I did end up joining the computer industry in 1992 when I started working at Babbage’s. Too little too late perhaps? Still, I was one of the first people to get an “email address”, I wonder if that counts for something. I went to the Google HQ with Nicky a few weeks ago and it felt so “right” to me, I told Nicky that if only I had been a few years younger (ok, 25), that’s where I would love to work. Totally in my bag of tricks, so to speak. Was I born too early maybe?
If I am being completely honest here, I never felt like I fit in anywhere. I didn’t fit in Italy, I don’t think I fit in the US at all, everything I do I feel like I fail at. My track record is just pathetic. I couldn’t get a job in the airline industry, I was unable to franchise a Domino’s Pizza store (despite enormous heroic efforts there as well… the stuff I did… ugh!), then I had to quit my MicroAge job just when it was going so well when Nicky was born…
I feel like I am a major loser in that Dept as well… first baby, dead. Check. Second pregnancy, miscarriage. Check. Third baby, one of the more severe forms of EB. Fantastic. Then and only then I got Connor, and that’s only because I am not a quitter. I feel like the good Lord looked down on me and said… let’s throw her a bone. I felt that too when Greg and I got married in 2002. It’s almost as if God felt sorry for me and decided that maybe I was due a bit of something good. For the past 18+ years all I’ve done is taking care of my son. Don’t get me wrong, if I could go back in time I would do it over again, but it takes its toll. I can’t go anywhere, do anything, without considerable effort. It’s only been for the past few years that I can leave him alone in the house for a short amount of time. This means I have very little freedom. Even going to school was hard. I could only take classes at a certain time of day.
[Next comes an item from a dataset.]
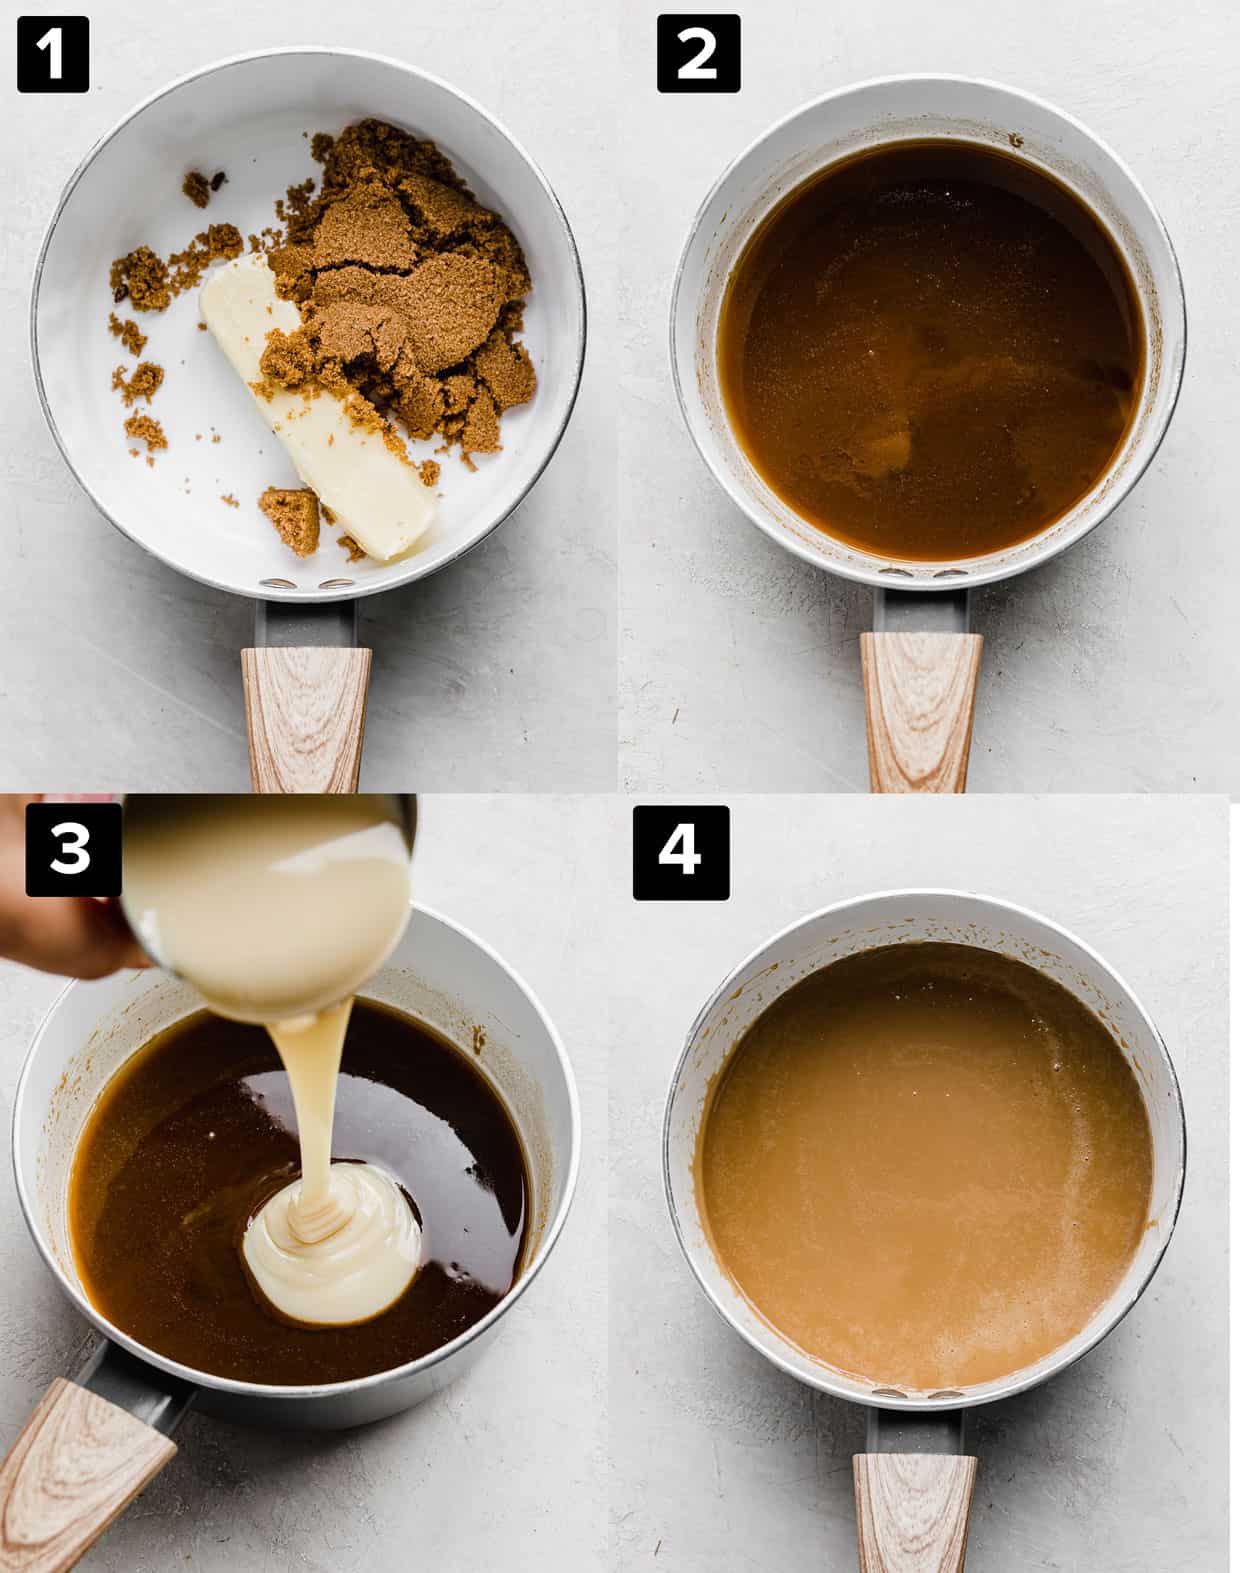 Step-by-step photos showing how to make Banoffee Pie toffee.

So, what exactly would I do if I was able to sit in this DeLorean? Perhaps nothing, perhaps something significant. I hope people don’t take this the wrong way, but seeing your child suffering every day, or holding your dead newborn are life-changing experiences that I wish I never experienced. Would I be a terrible person if I decided not to try to franchise a Domino’s Pizza store, forget about getting a job in the airline industry & ultimately not married Nick and had our kids (Alex & Nicky)? Would that make me awful? But of course that does not mean that something worse would have happened otherwise, although I cannot contemplate anything much worse than what actually happened.
At the end of the day, this is it. This is our life. Whatever happened in 1984 or 1992 or 2004 is written in stone. It cannot be changed. I’ve cried all morning writing this blog, for many different reasons, mainly because I forgot to take my Lexapro for a few days, but also because sometimes it just feels good to let the tears flow. It is OK. I accepted things. I am a happy person in the grand scheme of things, and I appreciate all the good. I just wish my lessons hadn’t had to be learned in such a hard way.